We study the rank of sub-matrices arising out of kernel functions,
$F(\pmb{x},\pmb{y}): \mathbb{R}^d \times \mathbb{R}^d \mapsto \mathbb{R}$,
where $\pmb{x},\pmb{y} \in \mathbb{R}^d$ with $F(\pmb{x},\pmb{y})$ is smooth
everywhere except along the line $\pmb{x}=\pmb{y}$. Such kernel functions are
frequently encountered in a wide range of applications such as $N$ body
problems, Green’s functions, integral equations, geostatistics, kriging,
Gaussian processes, etc. One of the challenges in dealing with these kernel
functions is that the corresponding matrix associated with these kernels is
large and dense and thereby, the computational cost of matrix operations is
high.

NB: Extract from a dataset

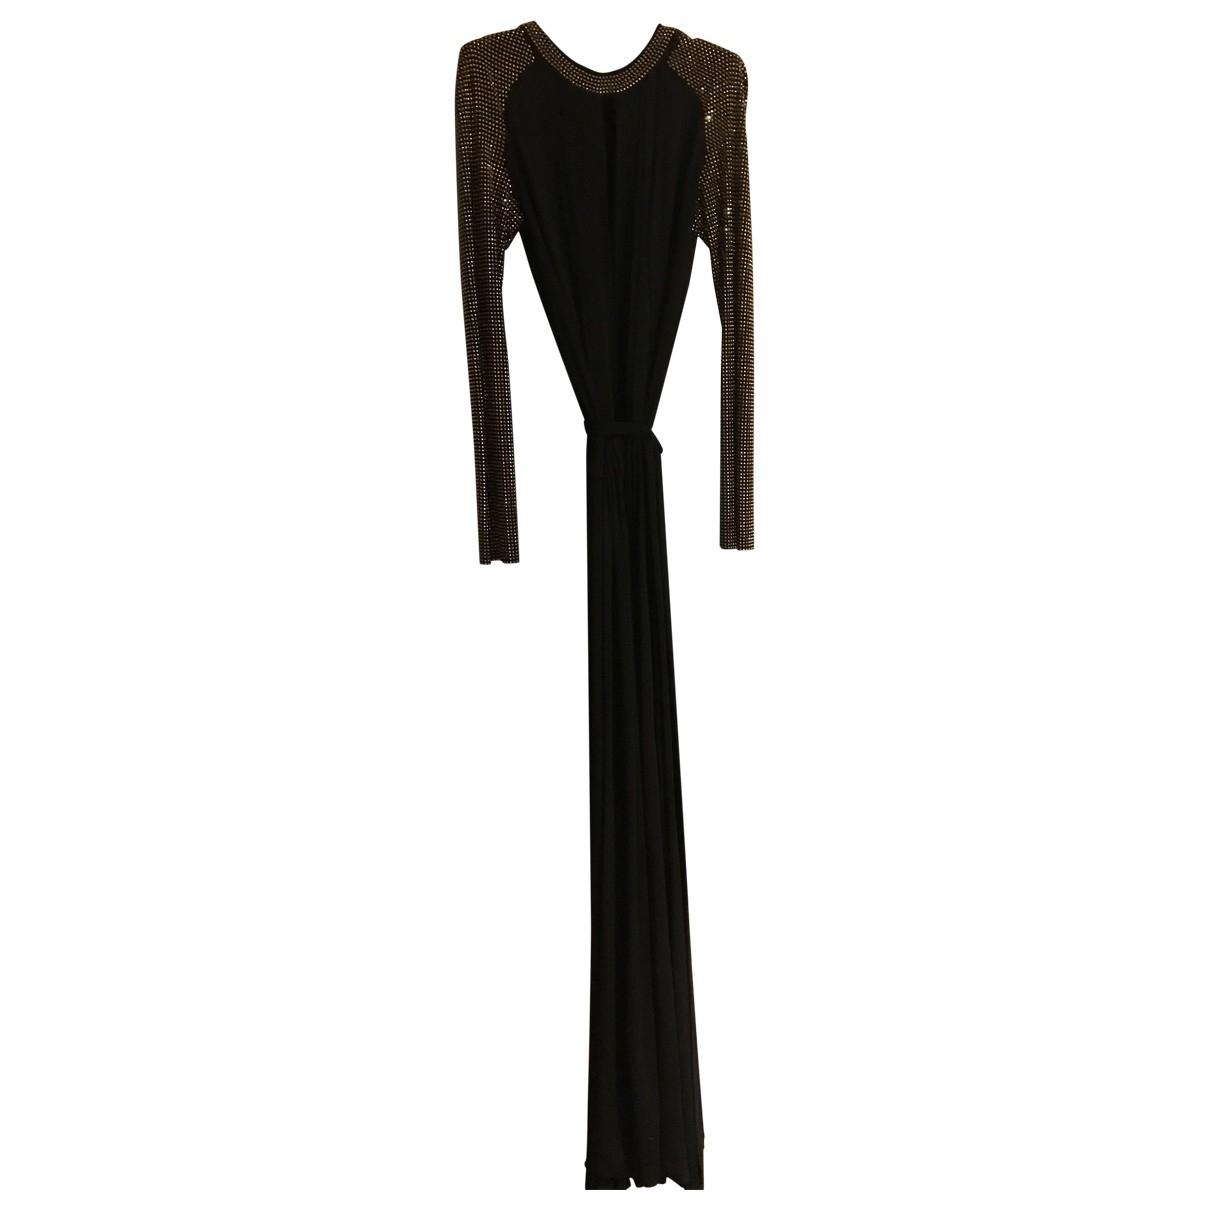 Just Cavalli \N Kleid in  Schwarz Polyester

In this article, we prove new theorems bounding the numerical rank of
sub-matrices arising out of these kernel functions. Under reasonably mild
assumptions, we prove that the rank of certain sub-matrices is rank-deficient
in finite precision. This rank depends on the dimension of the ambient space
and also on the type of interaction between the hyper-cubes containing the
corresponding set of particles. This rank structure can be leveraged to reduce
the computational cost of certain matrix operations such as matrix-vector
products, solving linear systems, etc. We also present numerical results on the
growth of rank of certain sub-matrices in $1$D, $2$D, $3$D and $4$D, which, not
surprisingly, agrees with the theoretical results.